Casinum, questo anomalo agglomerato urbano la cui posizione geografica si è rivelata per millenni fonte di alterne fortune e sventure, questo ibrido che si snoda lungo l’anonima ed emblematica Via Casilina, questo “centro commerciale” ritenuto felicemente “a metà strada” fra Roma e Napoli … veramente è “equidistante” – in tutti i sensi – da quelle due metropoli! “Lontano” sia da Roma che da Napoli, slegato dalla logica burocratico-papalina della Capitale come pure dal caotico e acceso flusso vitale partenopeo.
Posta nel punto esatto di confine fra il Centro e il Sud d’Italia, per secoli appartenente alla Terra di Lavoro (ma a mio avviso lontana e diversa anche dal Casertano), la realtà cassinate sfugge ad ogni definizione e ad ogni tentativo di “classificazione”, riconoscendo ed elevando a proprio simbolo la sola autorità badiale di Montecassino: il che, se da un lato puó confortare sul piano strettamente religioso, dall’altro mostra tutti i limiti di una mancata crescita civile e sociale. È un volontario volersi “alienare” nel segno di una appagante e protettiva devozione cattolica, un disarmato e inconscio affidarsi alle leggi della Provvidenza – piuttosto che a quelle razionali della civile solidarietà – di fronte allo sfacelo delle devastazioni e delle distruzioni. Tutto ciò, senza che i singoli mai perdano di vista i propri interessi immediati, gli investimenti commerciali ed imprenditoriali nei quali si gettano a capofitto, a discapito di visioni o soluzioni collettive dei problemi.
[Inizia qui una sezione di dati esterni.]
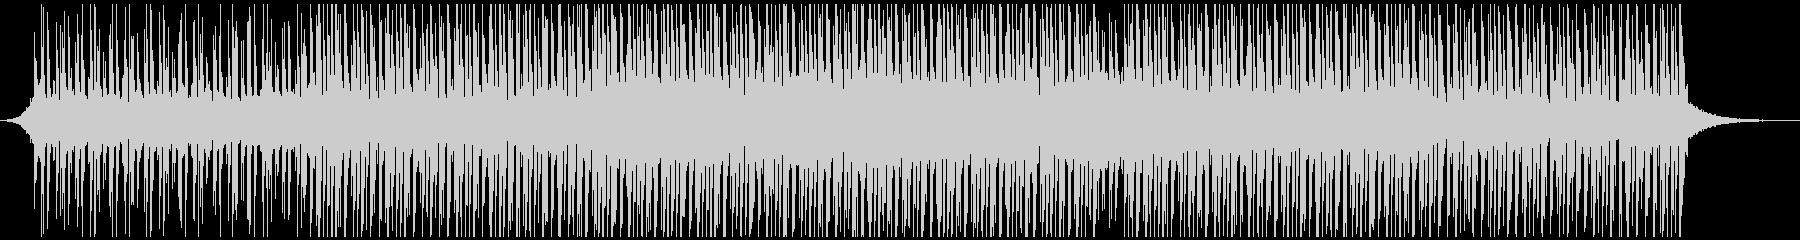 ハッピーアップビート(ミディアム)の未再生の波形

Per tutte queste ragioni, a me pare che Cassino e l’intero Sud Lazio incarnino, più di ogni altra realtà, la mancanza di una precisa e netta “identità”, la condizione di sbandamento ideologico-esistenziale che caratterizza generazioni confuse e annichilite da classi politiche pasticcione e incapaci.
Ma non tutto il male viene per nuocere … Sempre nell’ambito delle attività dell’Istituto “Antonio Labriola”, nel 1996 fu organizzato a Cassino il Convegno “Cultura & Organizzazione”. Fausto Pellecchia tenne una geniale ed esemplare relazione, sul tema: “Di alcune recenti iniziative culturali nel Cassinate”. Ecco i passaggi salienti del suo intervento:
“Oggi ci troviamo a rivendicare le forme di una differenza di noi da noi stessi: cultura è il differenziare, è ciò che fa di ciascuno di noi qualcosa di aperto all’altro. Ogni forma di identificazione, che non sia identità di una differenza, è falsa. […] Chi fa produzione di cultura deve produrre differenza come modalità, come legge dell’identificazione di sé con sé. Avere memoria di sé oggi significa avere memoria dell’alterità che ci ha costituiti, degli altri che hanno fornito l’humus dal quale noi siamo nati. Ogni forma di mono-genealogia è fallace: la vera cultura è plurima, si fonda sulla pluralità degli intrecci culturali. La nostra identità, quindi, è una non-identità, si potrebbe concludere dialetticamente. In questo senso, penso che Cassino possa costituire un luogo esemplare, poiché in qualche modo è il luogo di un non-luogo, ove le discontinuità storiche sono state tali da mettere in discussione le tradizioni mono-culturali. Cassino, sia per tradizioni storiche che geografiche, possiede questo profilo, d’essere un luogo d’incrocio, di intreccio.”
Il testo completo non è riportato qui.